To hasten to the chamber where I was again to look upon the exquisite resemblance of features which, till then, I had thought without a similar in the world, was a matter of instinct; and, winding my way through the intricacies of galleries and corridors, loaded with the baggage of the emigrant army, and strewed with many a gallant noble who had exchanged the down bed of his ancestral mansion for the bare floor, or the open bivouac, I at length reached the apartment to which the captive general had been consigned. To my utter astonishment, instead of the silence which I expected under the circumstances, I heard the jingling of glasses and roars of laughter. Was this the abode of solitude and misfortune? I entered, and found M. Lafayette, indeed, conducting himself with the composure of a personage of his rank; but the other performers exhibiting a totally different temperament. A group of Polish officers, who had formerly borne commissions in the royal service, and now followed the Emigrant troops, had recognized Lafayette, and insisted on paying due honours to the “noble comrade” with whom they had served beyond the Atlantic. Hamlet’s menace to his friend, that he would “teach him to drink deep ere he depart,” had been adopted in the amplest sense by those jovial sons of the north, and “healths bottle-deep” were sent round the board with rapid circulation.
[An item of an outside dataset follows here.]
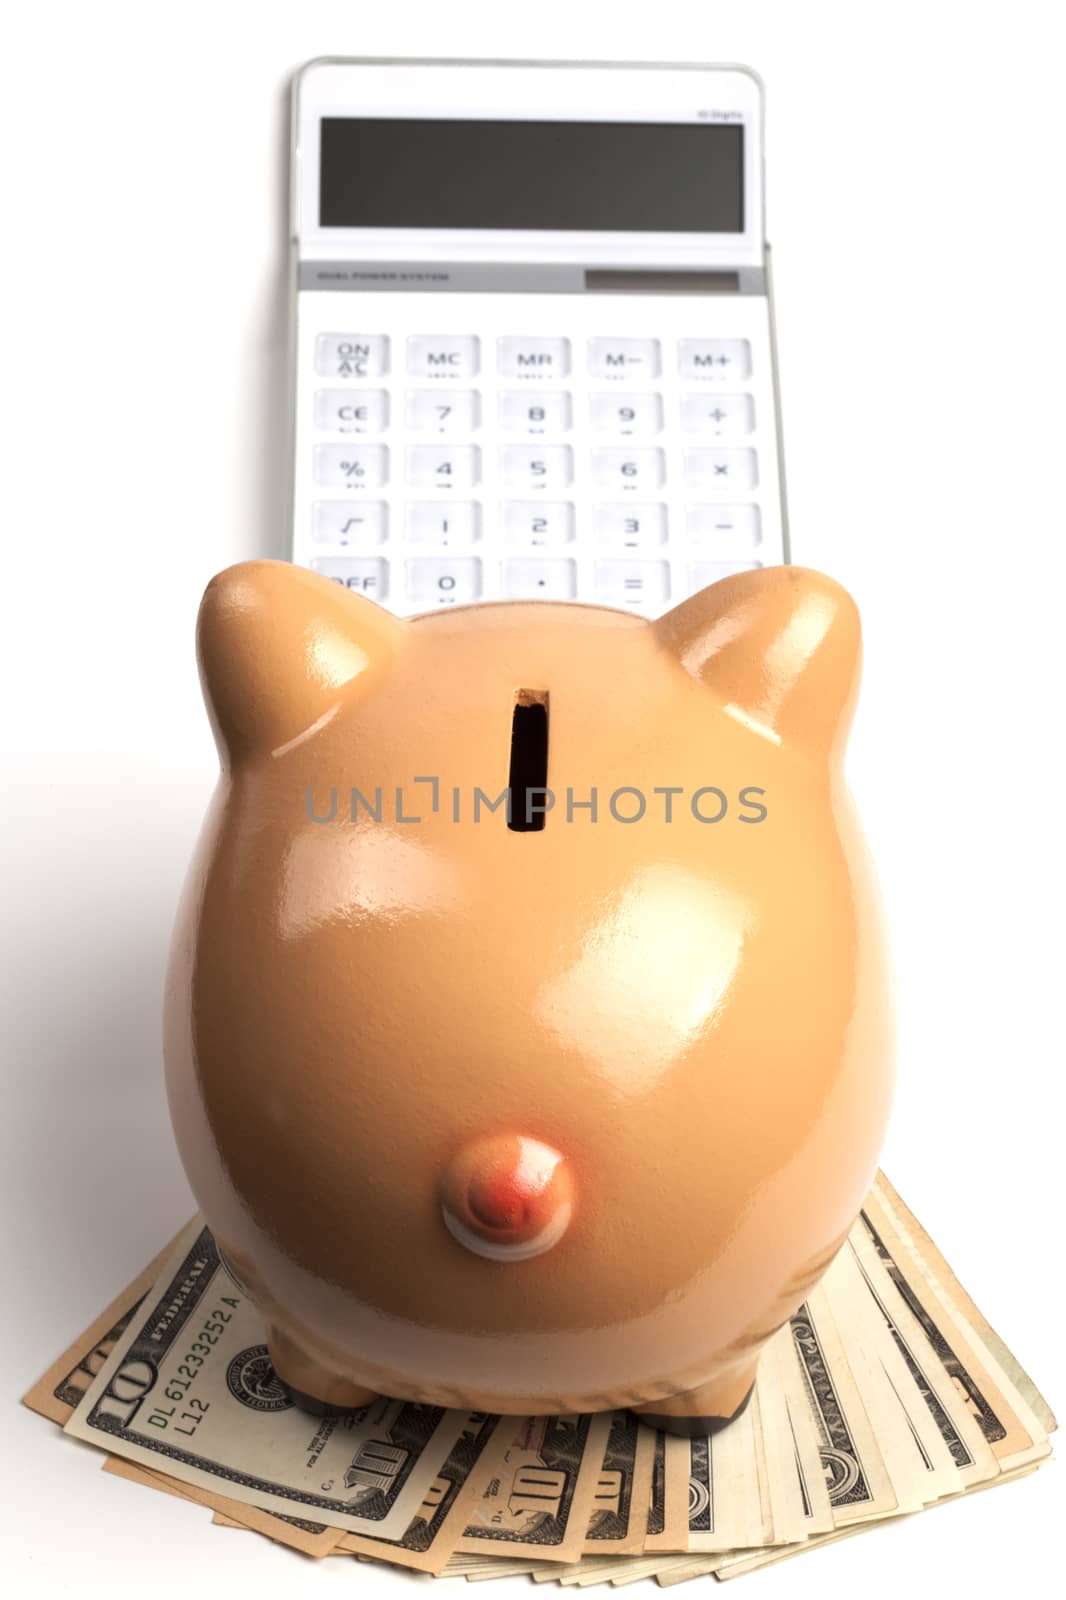 Piggy Bank On Dollars and Calculator Isolated on White Background

My entrance but slightly deranged the symposium, and I was soon furnished with all the freemasonry of the feast, by being called on to do honour to the toast of “His Majesty the King of Great Britain.” My duty was now done, my initiation was complete, and while my eyes were fixed on the portrait which, still in its unharmed beauty, looked beaming on the wild revel below, I heard, in the broken queries, and interjectional panegyrics of these hyperborean heroes, more of the history of Lafayette than I had ever expected to reach my ears.
His life had been the strangest contrast to the calm countenance which I saw so tranquilly listen to its own tale. It was Quixotic, and two hundred years ago could scarcely have escaped the pen of some French Cervantes. He had begun life as an officer in the French household troops in absolute boyhood. At sixteen he had married! at eighteen he had formed his political principles, and begun his military career by crossing the Atlantic, and offering his sword to the Republic. To meet the thousand wonderings at his conduct, he exchanged the ancient motto of the Lafayettes for a new one of his own. The words, “Why not?” were his answer to all, and they were sufficient. On reaching America, he asked but two favours, to be suffered to serve, and to serve without pay.